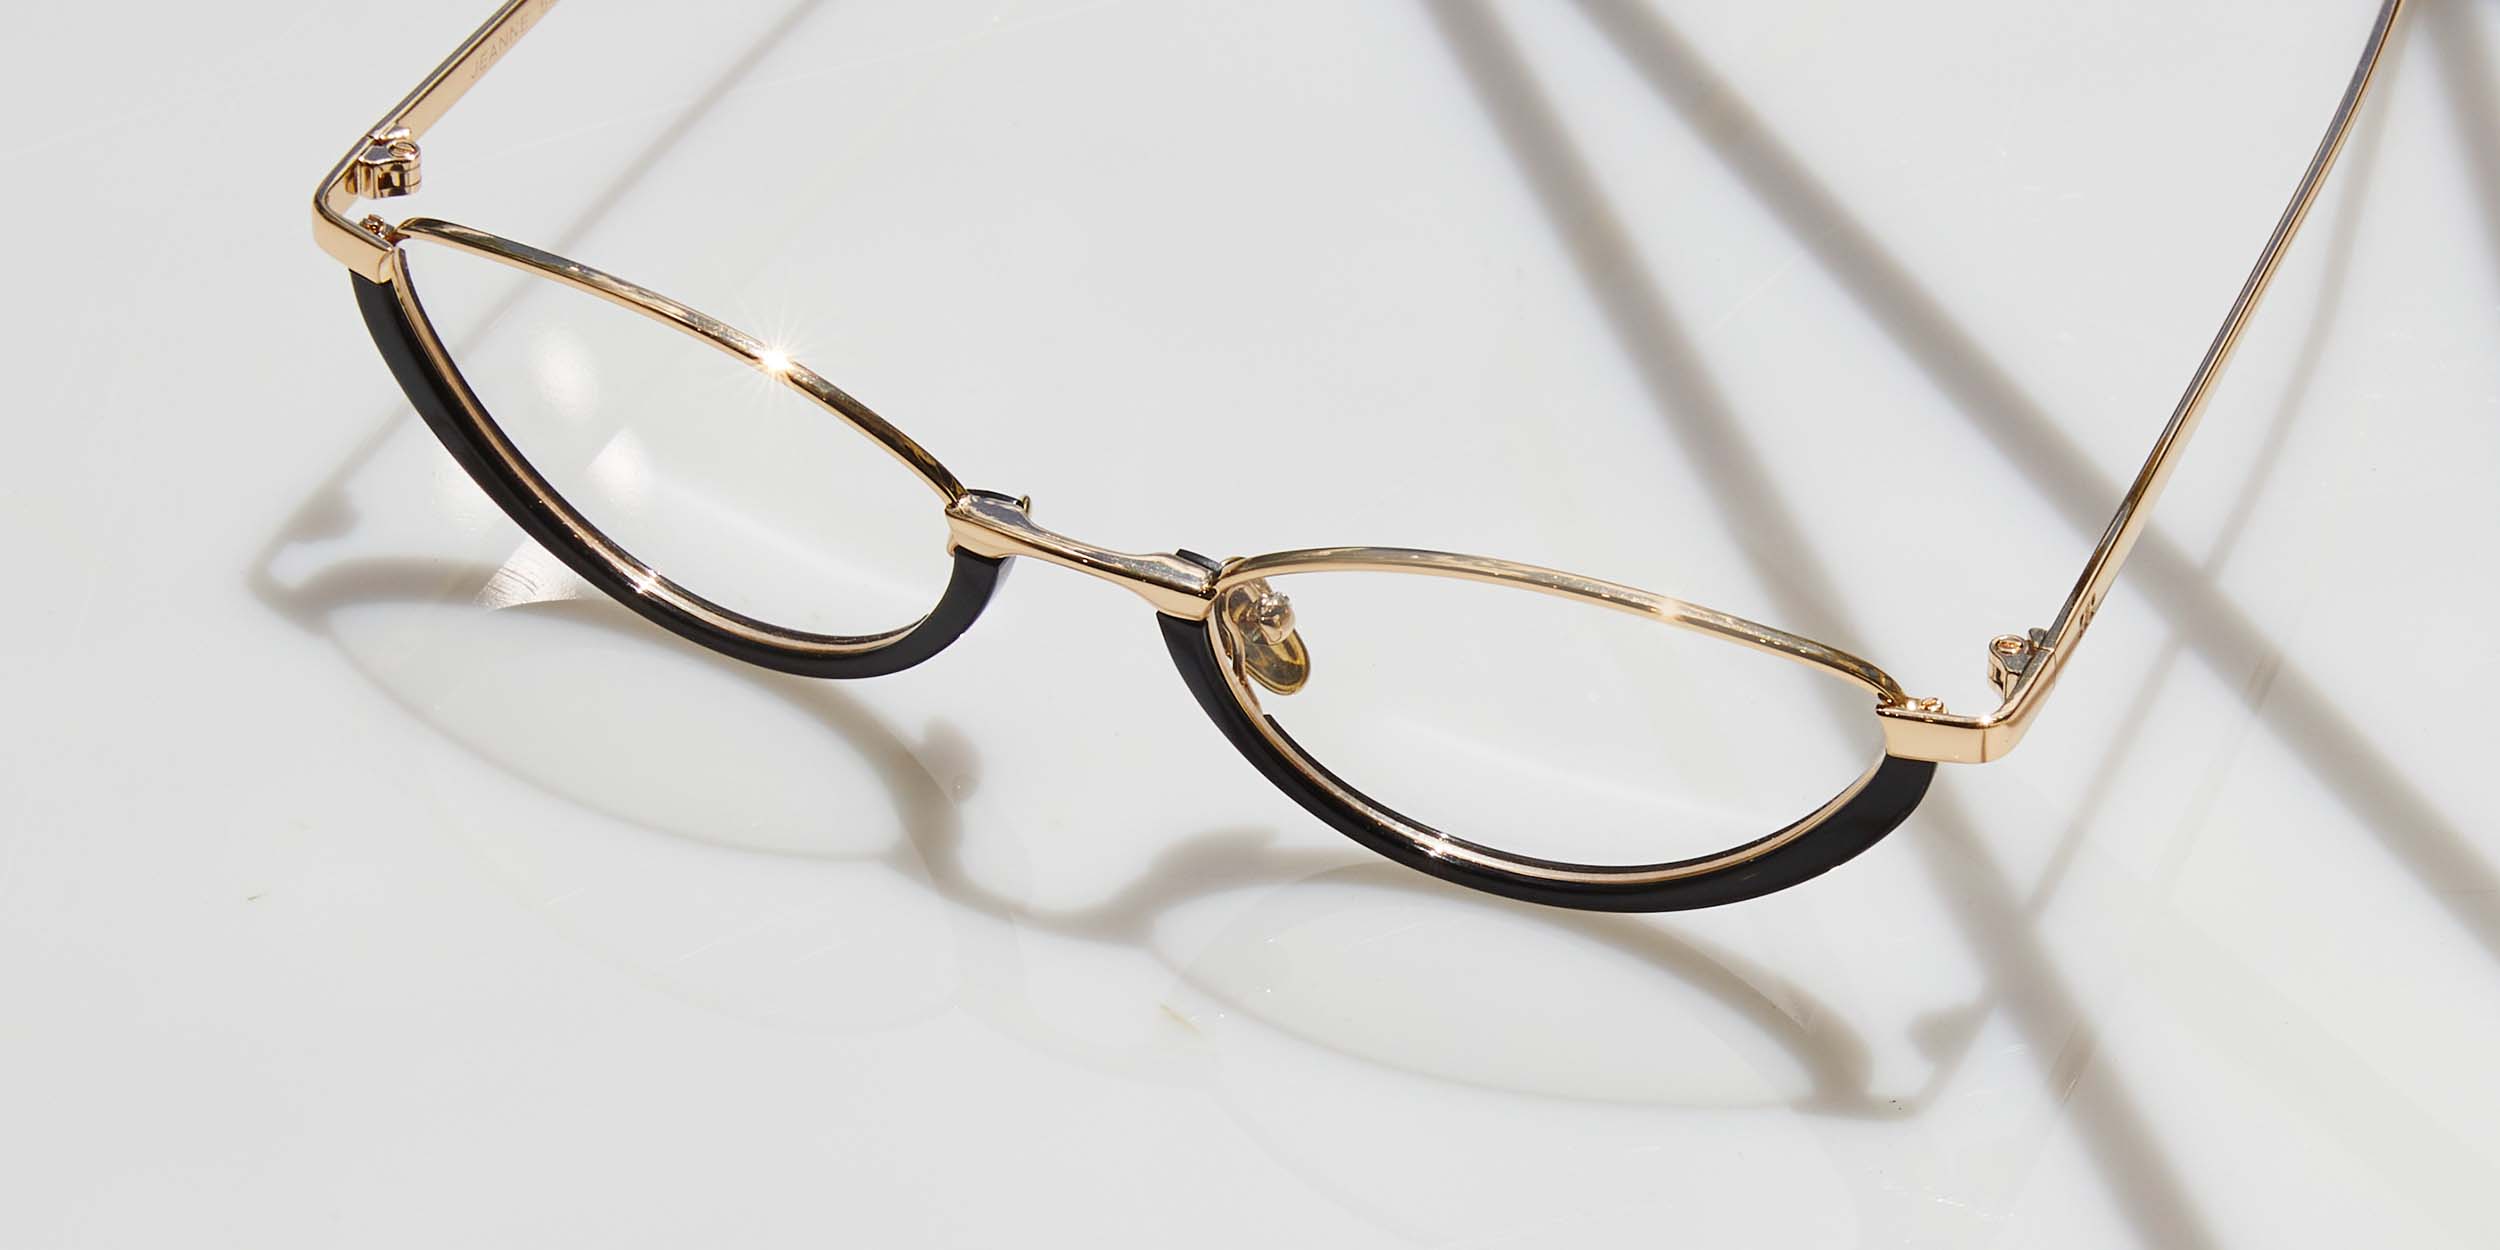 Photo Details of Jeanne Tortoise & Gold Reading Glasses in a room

* * *

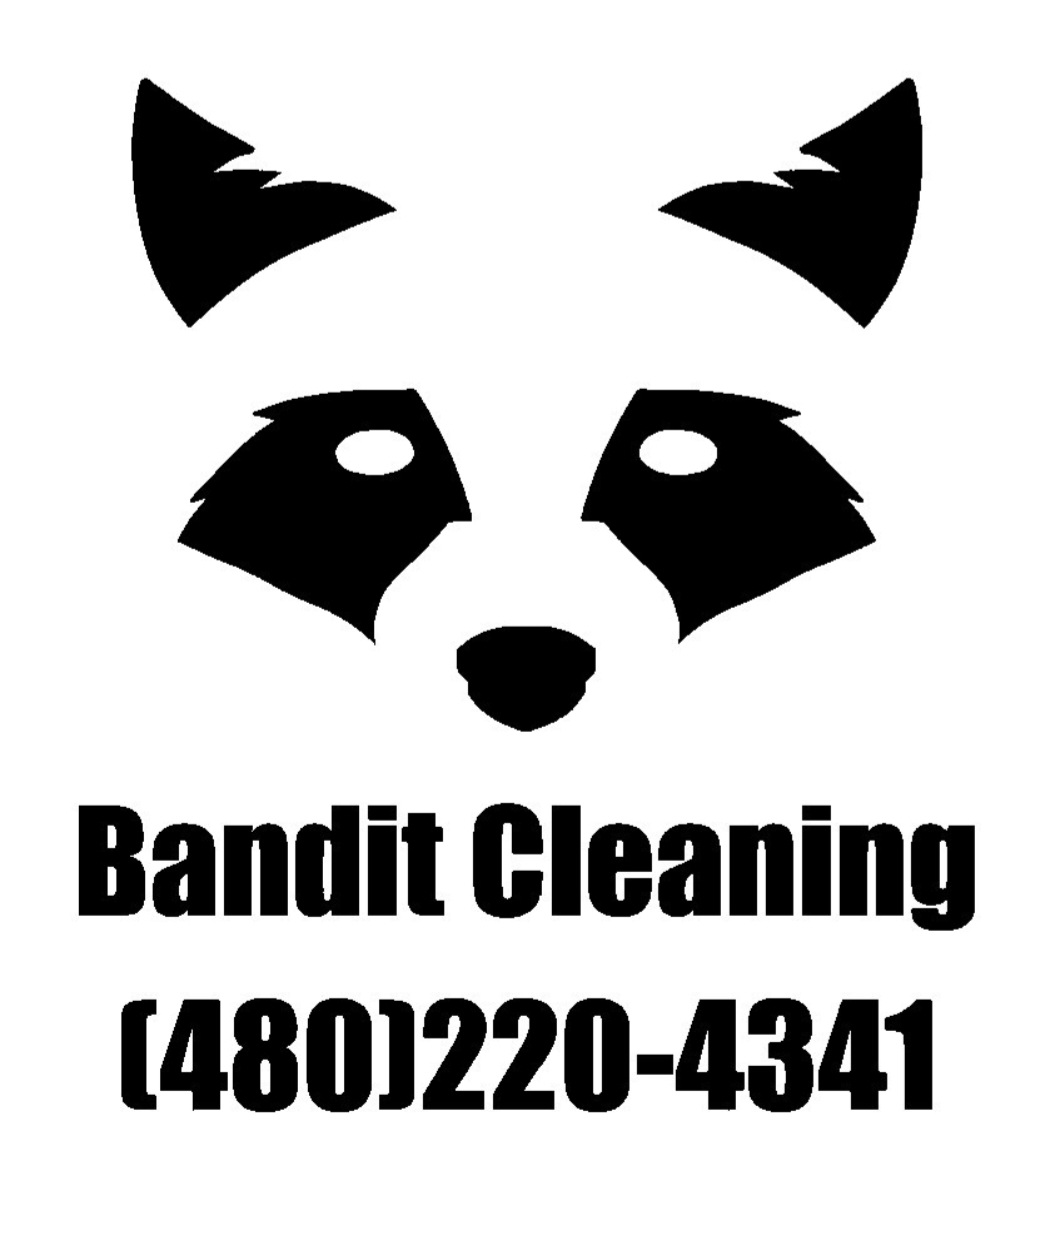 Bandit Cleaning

* * *

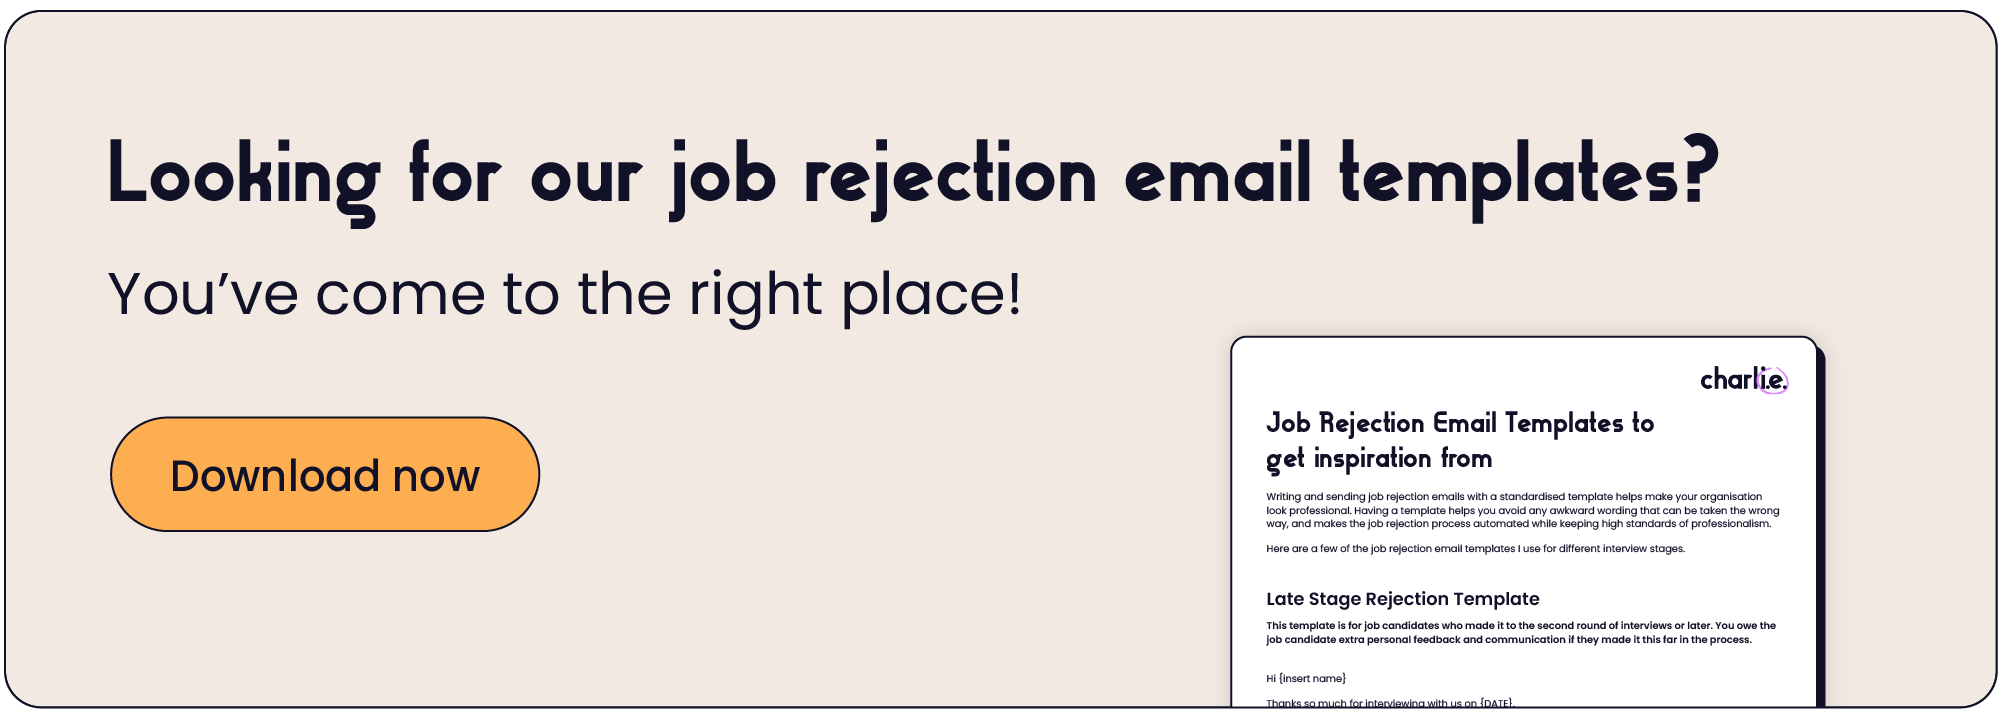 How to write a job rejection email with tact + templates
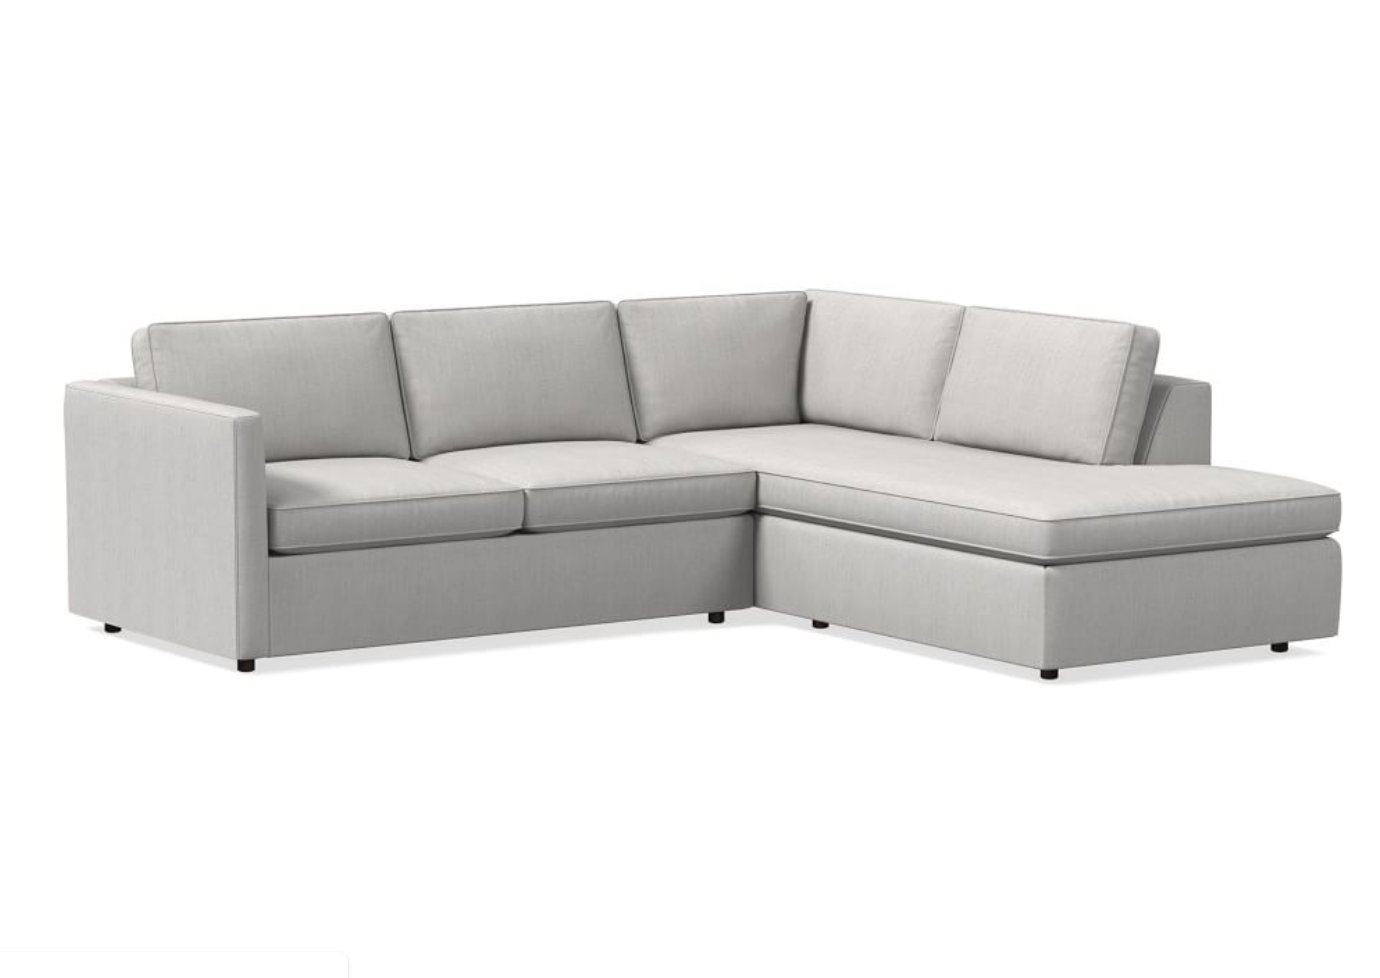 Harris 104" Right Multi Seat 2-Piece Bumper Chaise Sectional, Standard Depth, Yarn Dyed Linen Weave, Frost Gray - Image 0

__Problem to work on__
Starting with the line above that holds "How to write", restate each line word for word up to and including the line that holds "Gray - Image 0". Drop the pictures.

__Exercise response__
 How to write a job rejection email with tact + templates
 Harris 104" Right Multi Seat 2-Piece Bumper Chaise Sectional, Standard Depth, Yarn Dyed Linen Weave, Frost Gray - Image 0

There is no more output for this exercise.